Evaluation of team rank prediction in sports league by sum of residuals

J1_2019_pred_results<-read_csv(file.path("2019-12-29-evaluation-of-team-rank-prediction-in-sports-league-by-sum-of-residuals_files","日刊スポーツ・サッカー担当の19年J1順位予想と結果.csv"))

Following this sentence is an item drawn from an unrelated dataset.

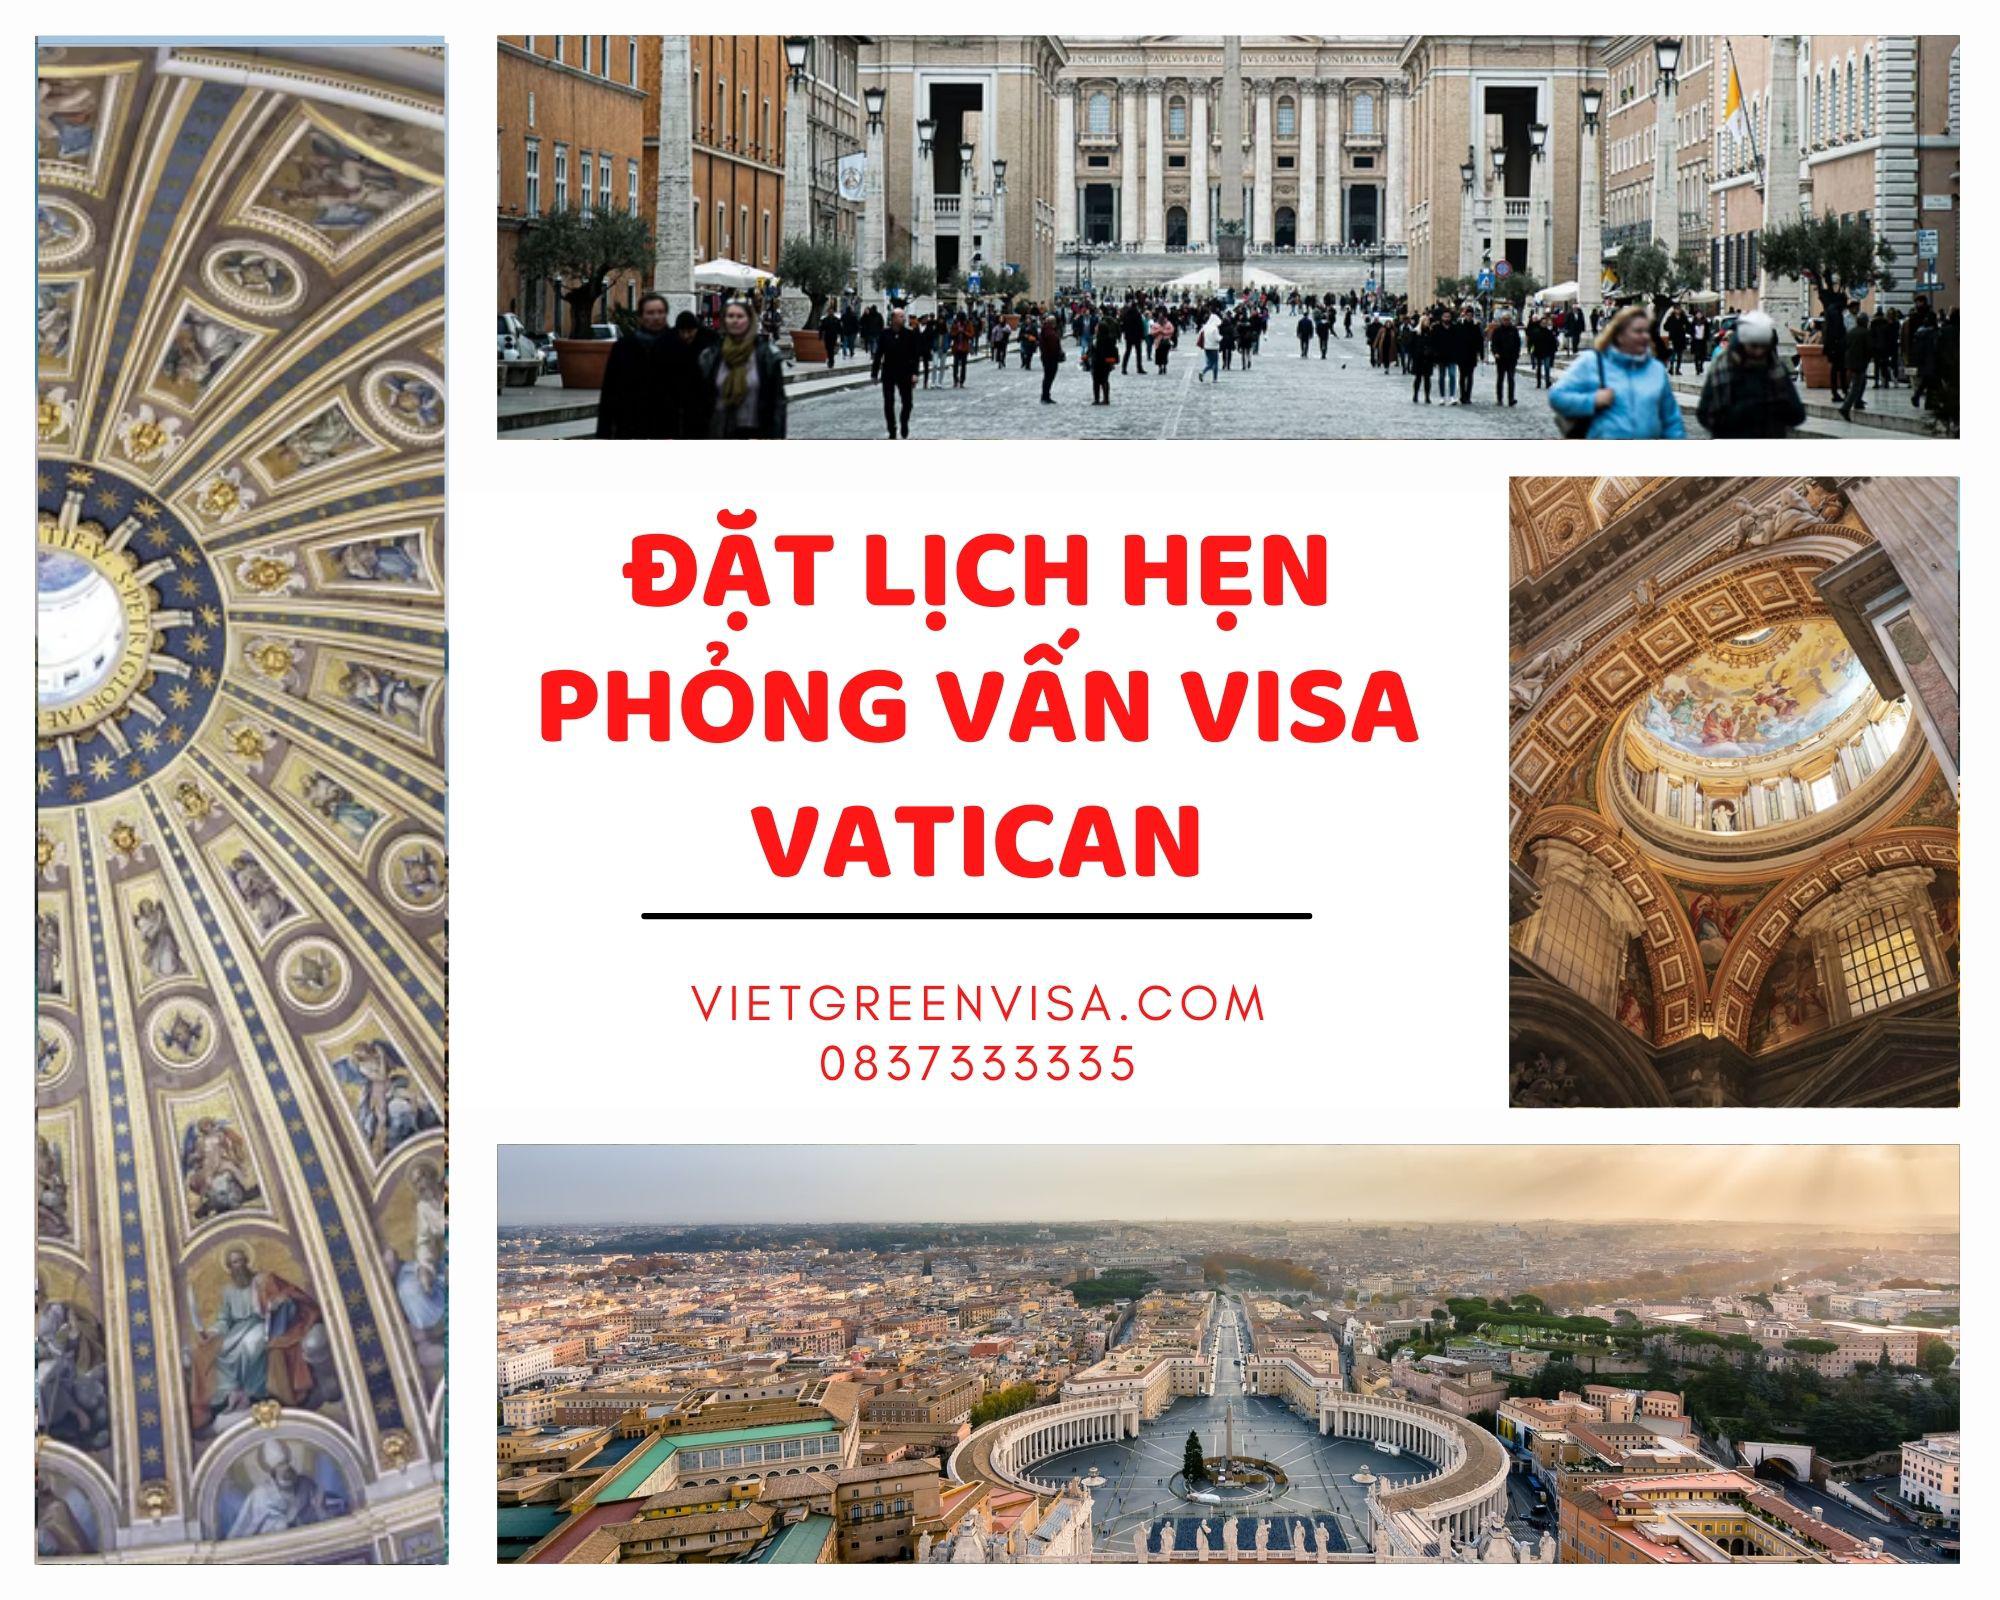 Hỗ trợ đặt lịch hẹn phỏng vấn visa Vatican nhanh chóng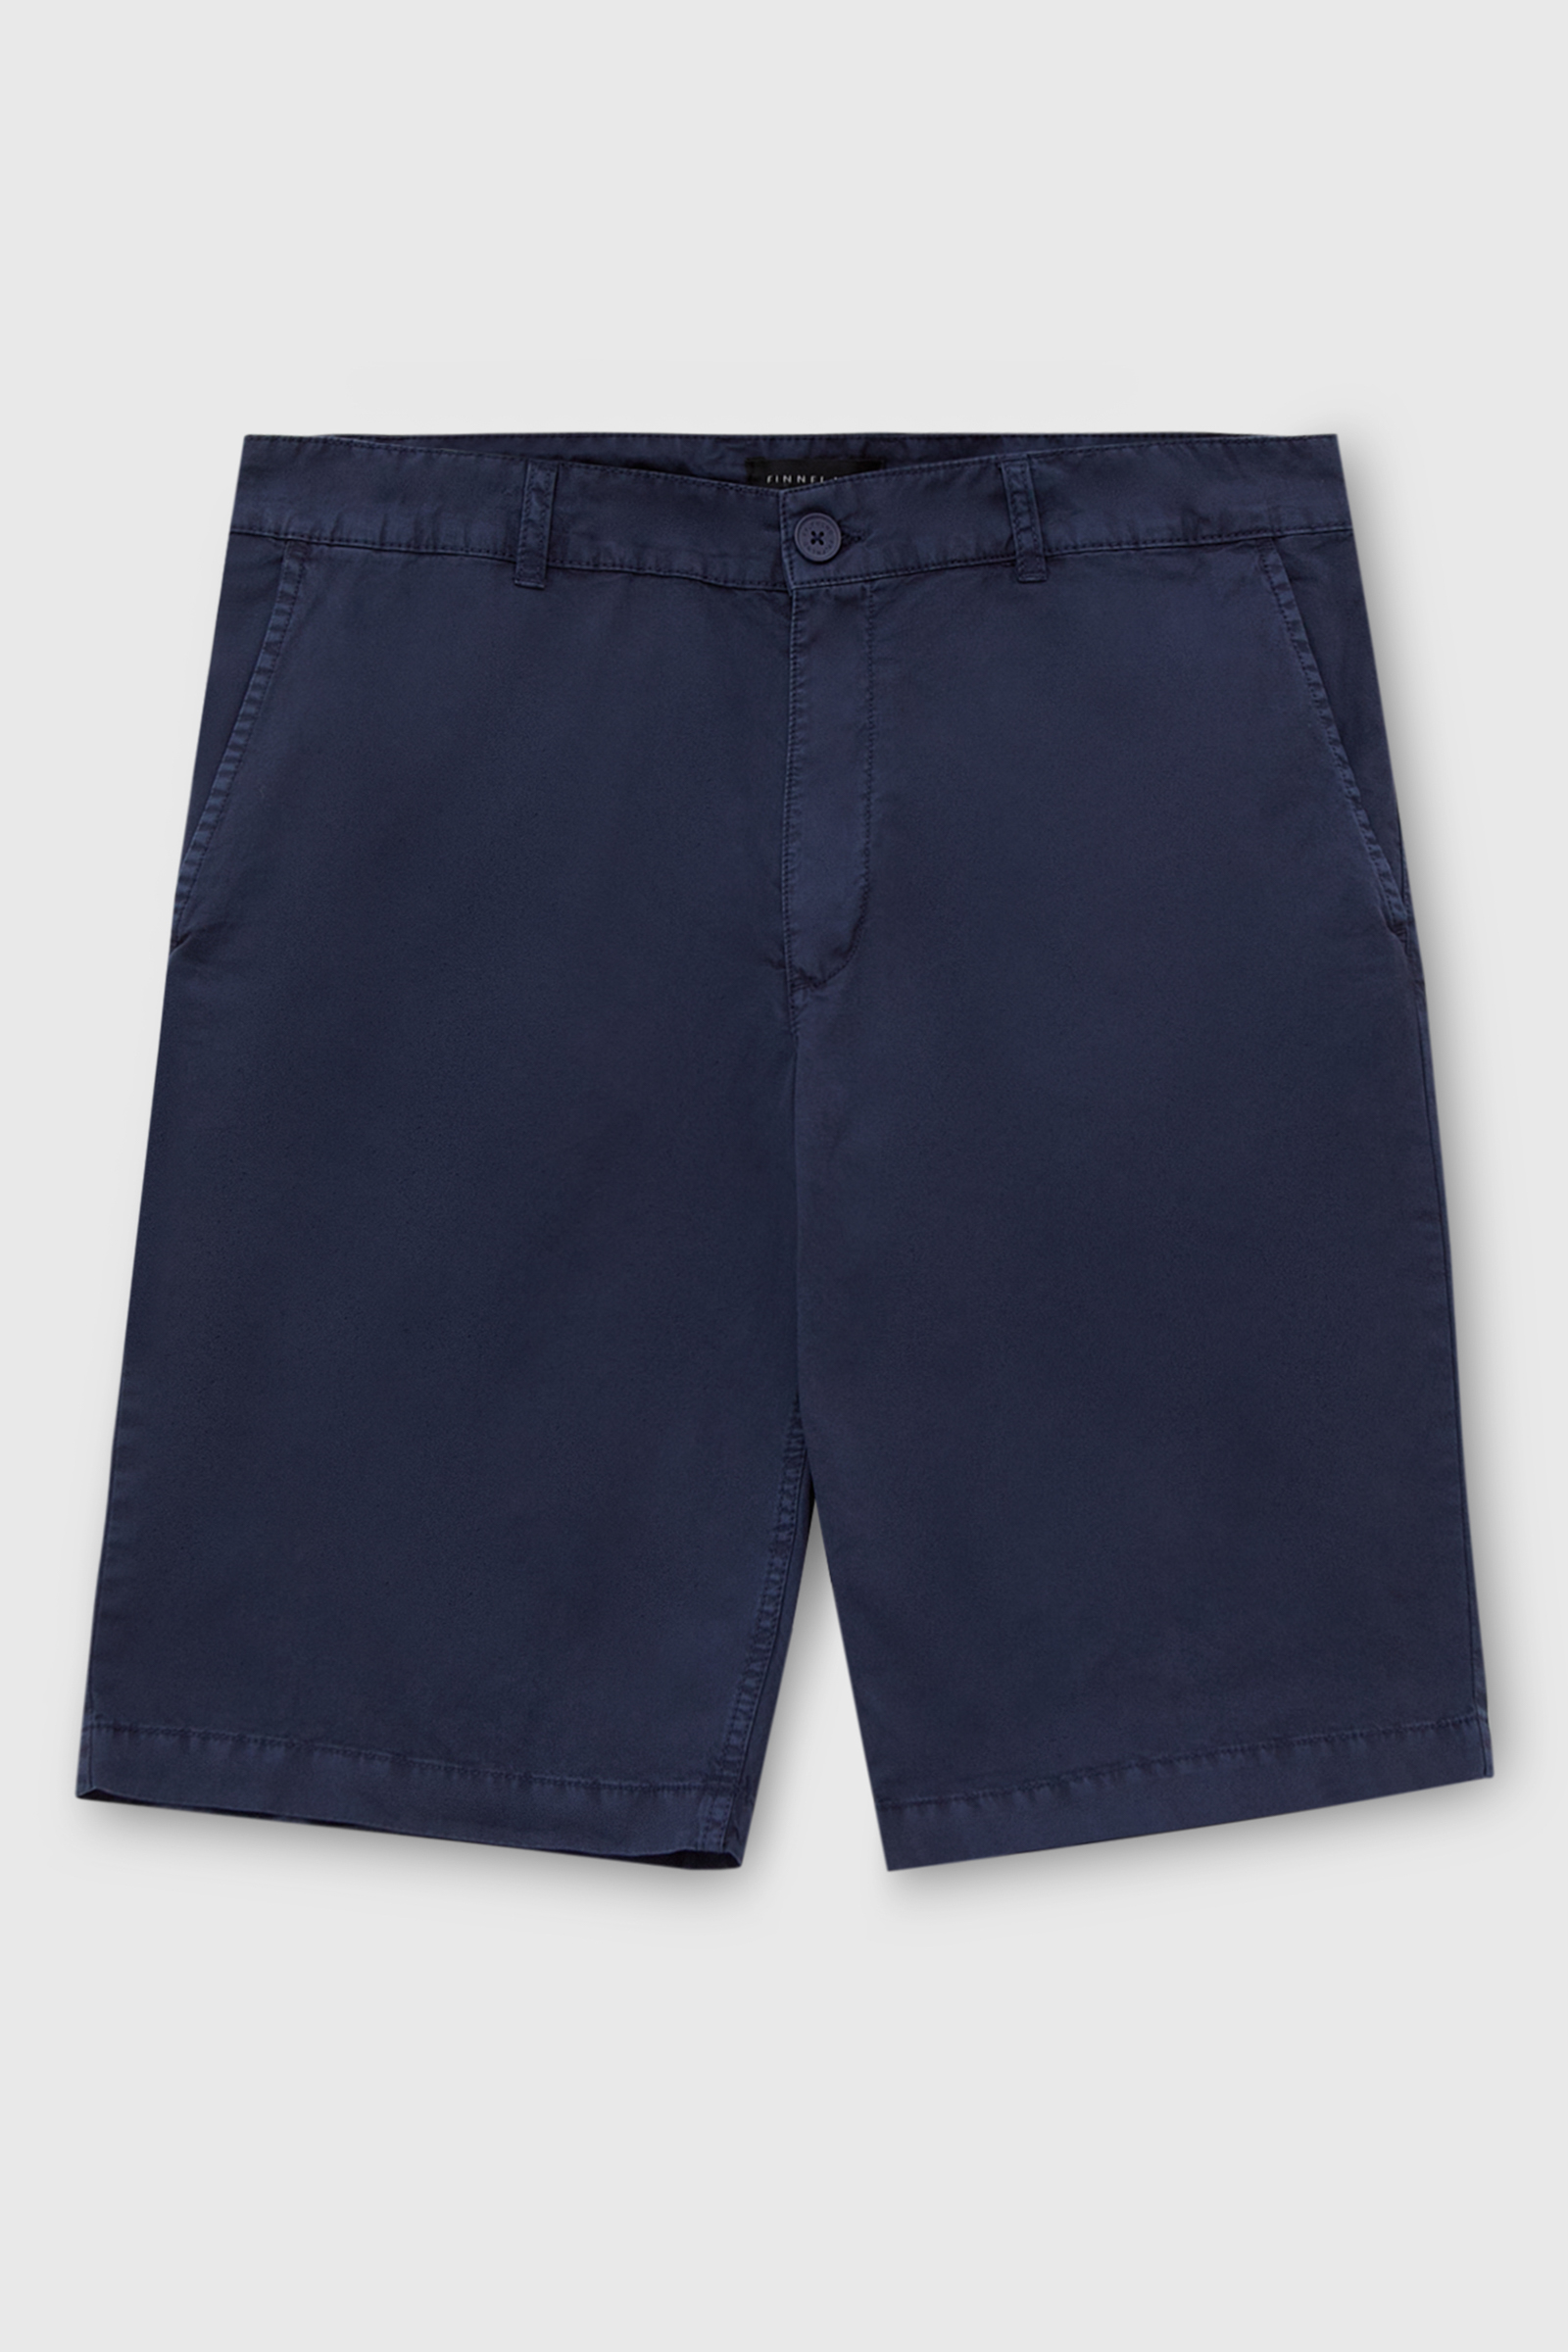 Повседневные шорты мужские Finn Flare FSC21005 синие 3XL

## Parsed with column specification:
## cols(
##   rank = col_double(),
##   Hamamoto = col_character(),
##   No = col_character(),
##   Hosaka = col_character(),
##   Shimoda = col_character(),
##   Sugiyama = col_character(),
##   Kinoshita = col_character(),
##   Okazaki = col_character(),
##   Matsuo = col_character(),
##   Iwata = col_character(),
##   Kamiya = col_character(),
##   Maeda = col_character(),
##   Sanefuji = col_character(),
##   Kikukawa = col_character(),
##   Ishikawa = col_character(),
##   Uehara = col_character(),
##   Ogishima = col_character(),
##   Results = col_character()
## )
#J1_2019_pred_results %>% DT::datatable()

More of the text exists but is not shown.